From the family, the Domestic Church, let us now briefly move on to the parish, to the great field of the Lord which he has entrusted to us in order to make it fruitful through pastoral work. Priests, parish priests should always be mindful that their task of governing is a profoundly spiritual service. It is always the parish priest who must lead the parish community, relying at the same time on the help and the valuable contribution of their various co-workers and on all the lay faithful. We must not run the risk of clouding the sacramental ministry of the priest. In our cities and villages there are brave men and others who are timid, there are Christian missionaries and others who are asleep. And there are many who are searching, even if they do not admit it. Everyone is called, everyone is sent out. However, the place of the call is not necessarily the parish centre; the moment is not necessarily a pleasant parish event. The call of God can reach us on the assembly line and in the office, in the supermarket and in the stairwell, i.e., in the places of everyday life.

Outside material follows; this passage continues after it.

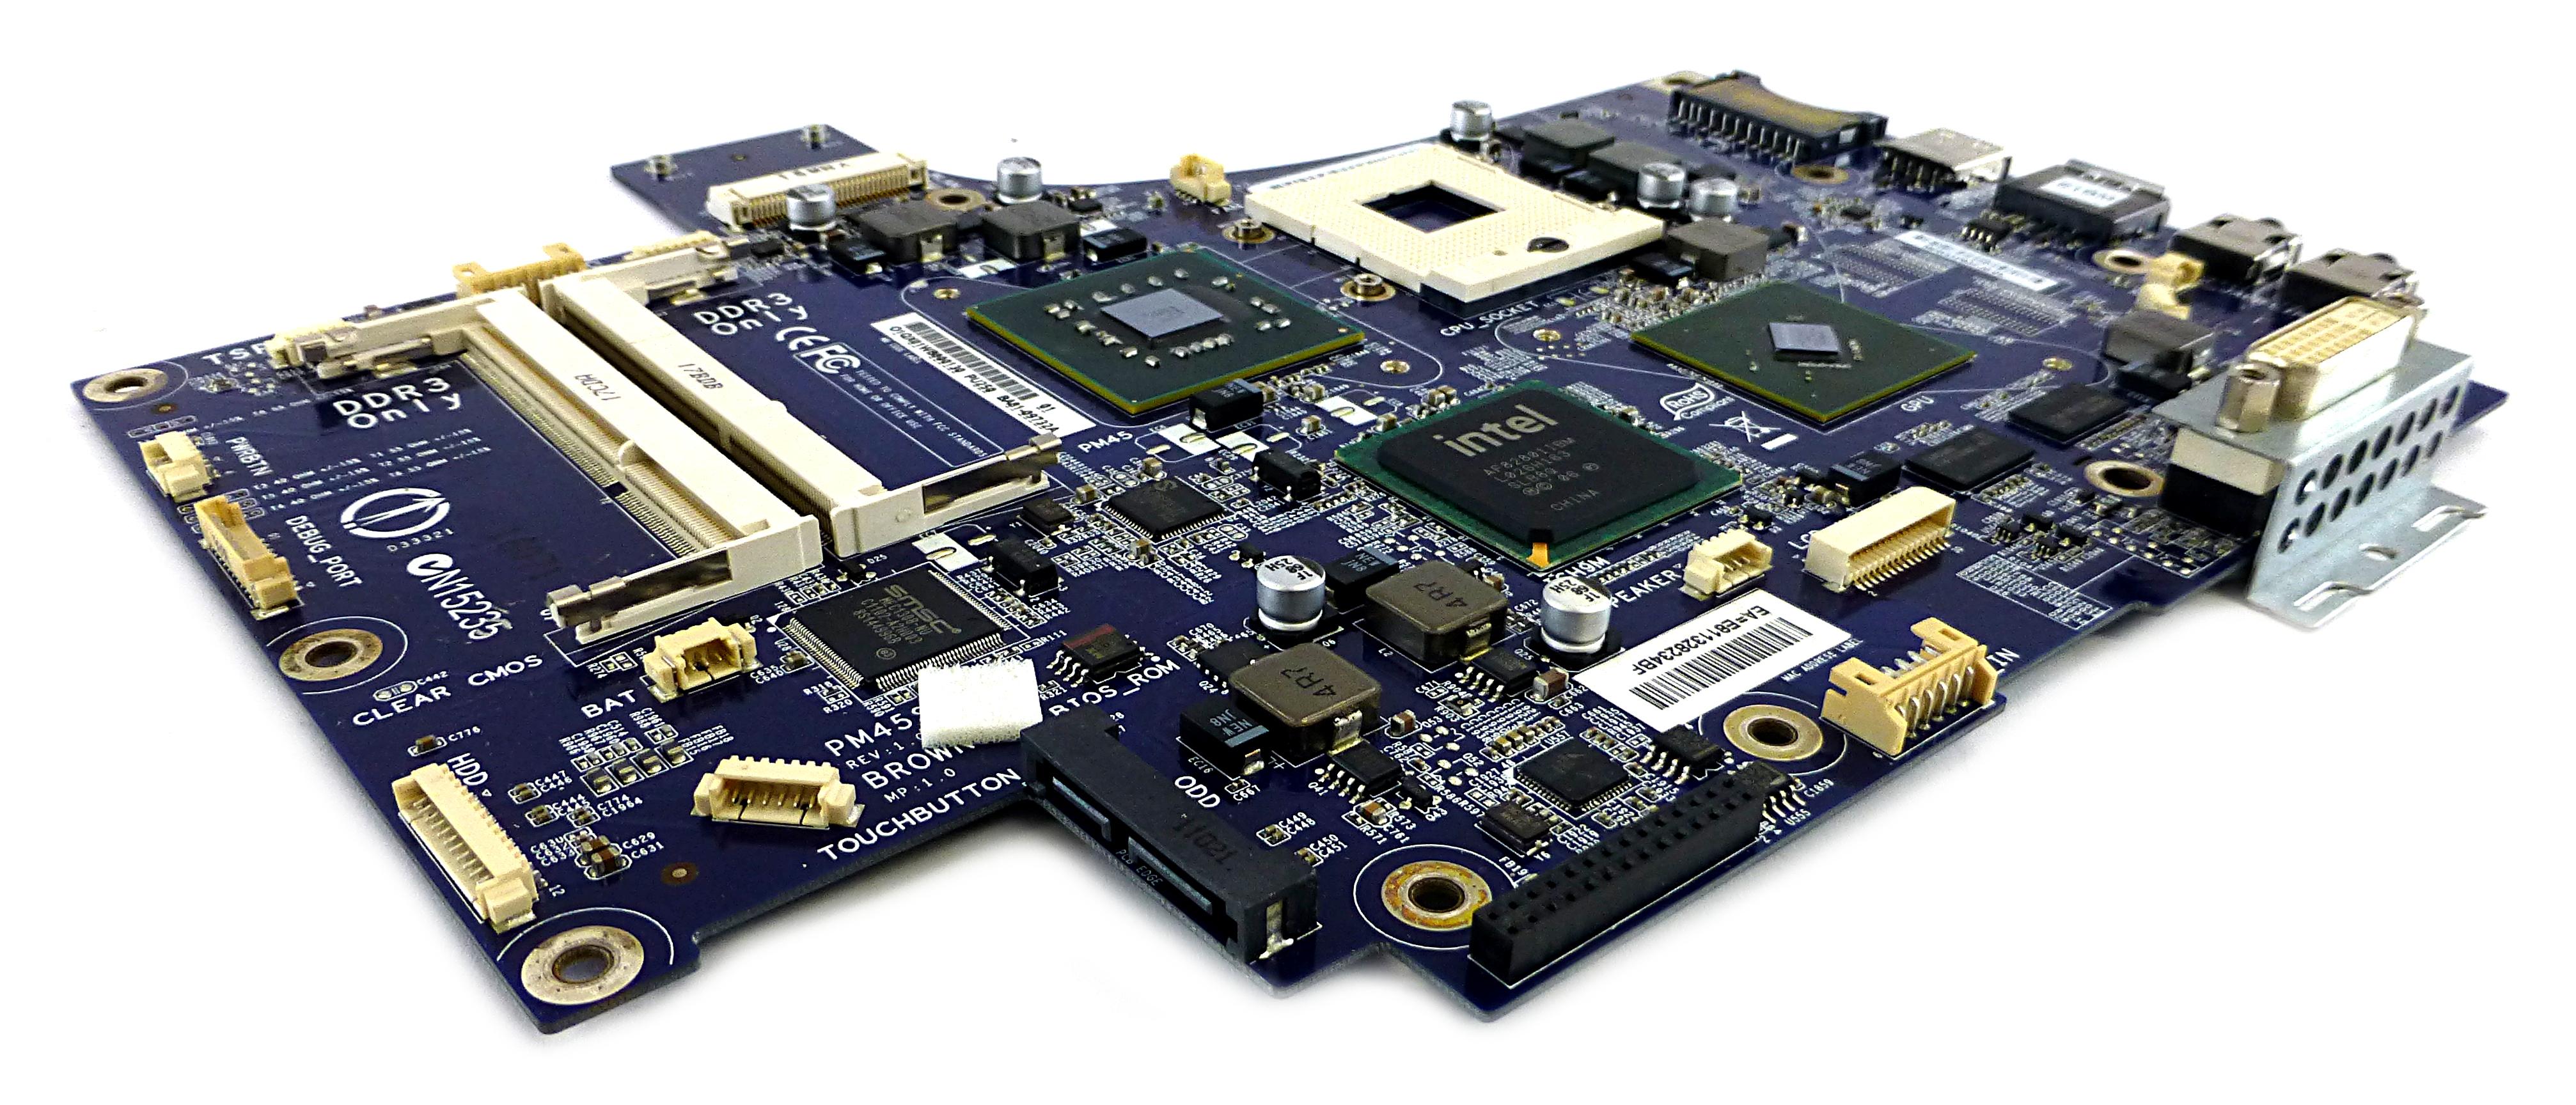 Samsung DP-U200 / DP-U250 AiO System Motherboard BA81-09732A/PM45S01S1-UK

Speaking about God, bringing the message of God’s love and salvation in Jesus Christ to men is the duty of all the baptized. And this duty involves, not only speaking with words, but in all one’s actions and way of doing things. Our whole being should speak of God, even in the ordinary things. In this way witness is authentic, and thus shall it always be new and fresh in the power of the Holy Spirit. In order to achieve this, speaking about God must first be a speaking with God, an encounter with the living God in prayer and the Sacraments. God not only lets himself be found, but also sets his love in motion to reach out to those who seek him. Whoever trusts in God’s love knows how to open the hearts of others to divine love in order to show them that life in its fullness is realized only in communion with God. In our own time, when we seem to have become the “little flock” (Lk 12:32), we are called as disciples of the Lord to live as a community that is the salt of the earth and the light of the world (cf. Mt 5:13-16).
May the Holy Virgin Mary, who is our Mother, and whom you venerate in a special way as Magna Mater Austriae, help us to open ourselves, as she did, totally to the Lord and thus to be capable of showing others the way to the Living God who gives life.